The way to test it is this: reverse the order of the adjectives and see if the sentence still makes sense:
Compliance with a “long call” 16-hour shift length is sensitive to both total workload and workload timing factors.
Okay, that makes sense still. For the second test, put the word ‘and’ in between the adjectives and see if it still makes sense
Compliance with a 16-hour and “long call” shift length is sensitive to both total workload and workload timing factors.
The sentence no longer makes sense. To have a coordinate adjective (which needs a comma) both the reversing of words AND the ‘and’ test have to work. If only one part or none of the test works, then it is non-coordinate and doesn’t need a comma. So here we have non-coordinate adjectives, and the comma is not used.
Compliance with a 16-hour “long call” shift length is sensitive to both total workload and workload timing factors.
Let’s try one more example with a simpler sentence:
The quick brown fox jumps over the happy lazy dog.
[NOTE: I added the word ‘happy’ so we would have two pairs of adjectives to play with.]
For the first test, we will reverse the order of the adjectives:
The brown quick fox jumps over the lazy happy dog.
The brown quick fox doesn’t make sense, so those adjectives are non-coordinate and do not need a comma. However, the lazy happy dog still works, so we have to go on to the second test:
The quick brown fox jumps over the lazy and happy dog.

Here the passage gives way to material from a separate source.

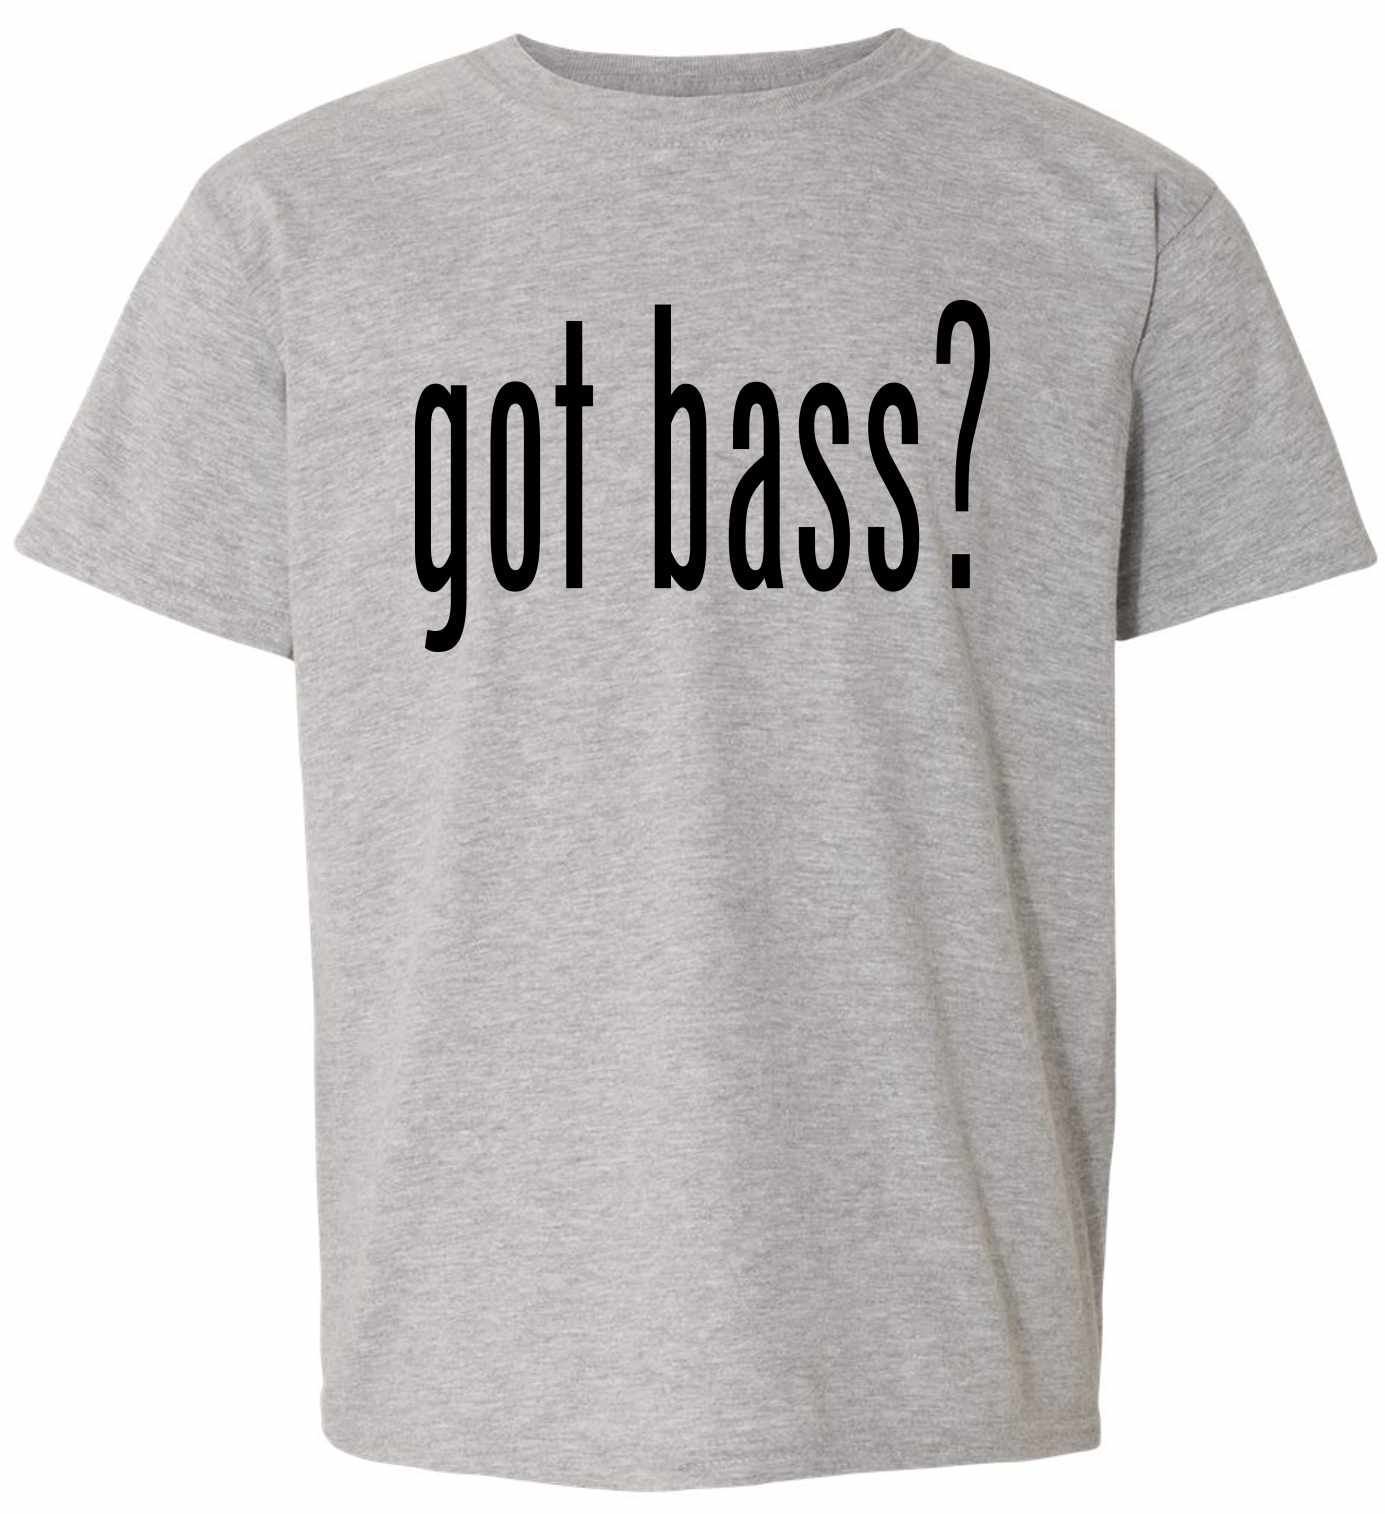 Got Bass? on Kids T-Shirt (#887-201)

Okay, that works, too. The dog can be lazy and happy, so this pair of adjectives is coordinate and calls for a comma, and this is the way the sentence should be punctuated:
The quick brown fox jumps over the happy, lazy dog.
Got it? Good. See, no bother at all.
[NOTE: By the way, do you know why “The quick brown fox jumps over the lazy dog” sounds so familiar? It is because the sentence includes all the letters of the English alphabet, and it is commonly used to demonstrate typefaces and fonts and for testing keyboards.]